Special Session 78: Special Session on Mathematics of Data Science and Applications

Beyond Unconstrained Features: Neural Collapse for Shallow Neural Networks with General Data
Shuyang Ling
NYU Shanghai
Peoples Rep of China
Co-Author(s):    Wanli Hong
Abstract:
Neural collapse is a phenomenon that occurs at the terminal phase of training of DNNs. The features of the data in the same class collapse to their respective sample means and the sample means exhibit an ETF. In the past few years, there have been a surge of works that focus on explaining why the ${\cal NC}$ occurs and how affects generalization.

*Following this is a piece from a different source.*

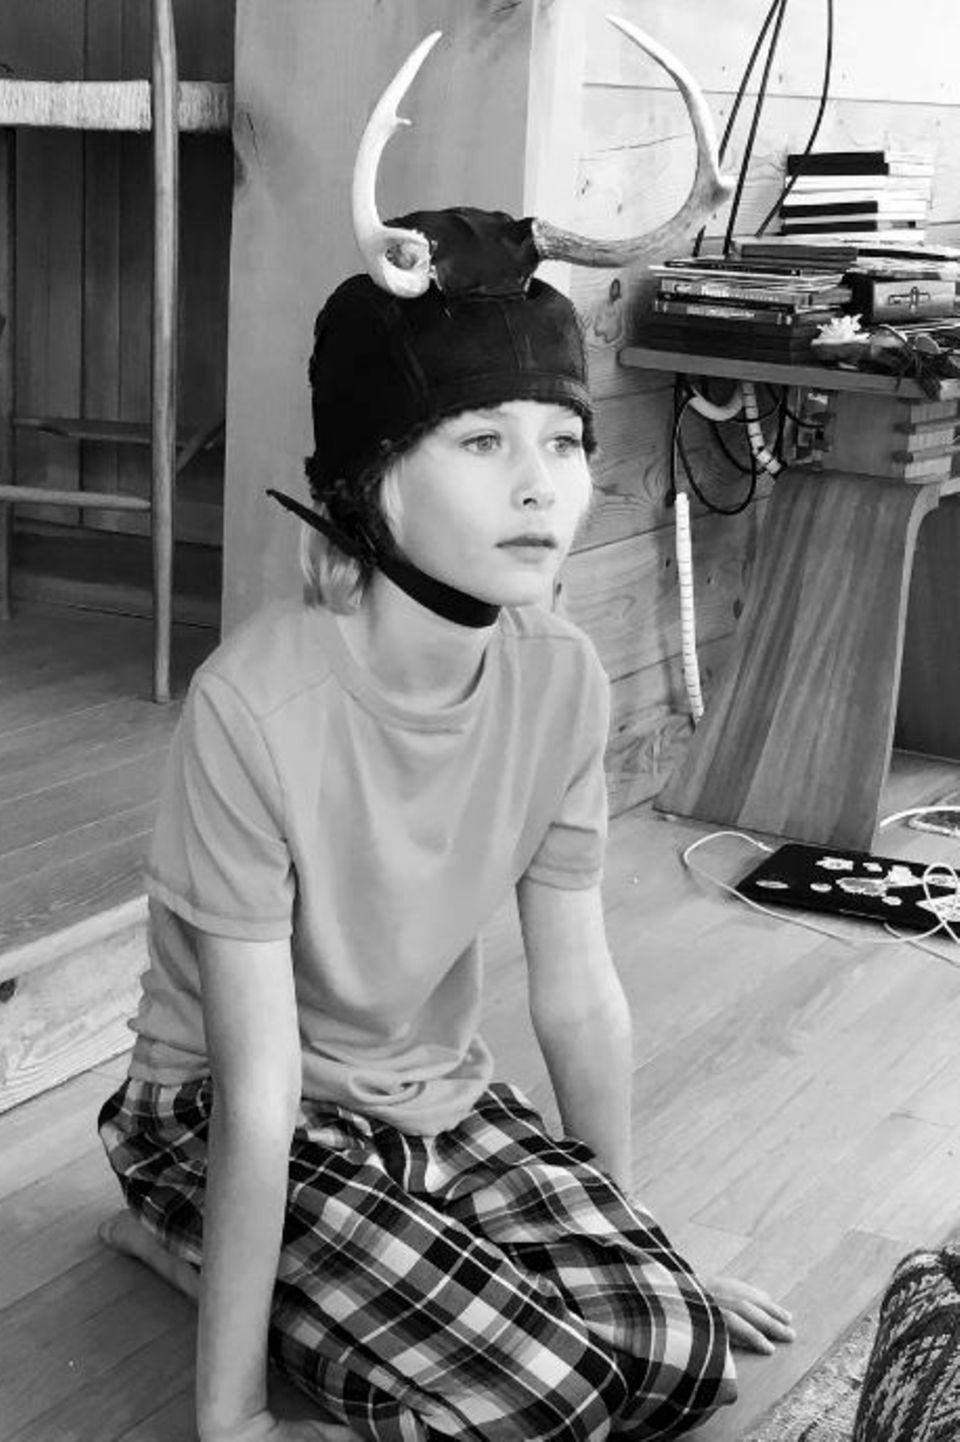 6. Februar 2017  Sasha hat ein Faible für ungewöhnliche Kopfbedeckungen. Hier trägt er ein Geweih und bringt selbst seine Mutter Naomi Watts zu schmunzeln.

Since the DNNs is notoriously difficult to analyze, most works mainly focus on the unconstrained feature model (UFM). While the UFM explains the ${\cal NC}$ to some extent, it fails to provide a complete picture of how the network architecture and the dataset affect ${\cal NC}$. In this work, we focus on shallow ReLU neural network and try to understand how the width, depth, data dimension, and statistical property of the training dataset influence the neural collapse. We provide a complete characterization on when the ${\cal NC}$ occurs for two or three layer neural works. This sufficient condition depends on the data dimension, sample size, and the signal-to-noise ratio in the data instead of the width. For three-layer neural networks, we show that the ${\cal NC}$ occurs as long as the second-layer is sufficiently wide. Moreover, we show that even if the ${\cal NC}$ occurs, the generalization can still be bad provided that the SNR in the data is sufficiently lower. Our results significantly extend the state-of-the-art theoretical analysis of ${\cal NC}$ under UFM to shallow nonlinear feature models, and characterize the emergence of ${\cal NC}$ via data properties and network architecture.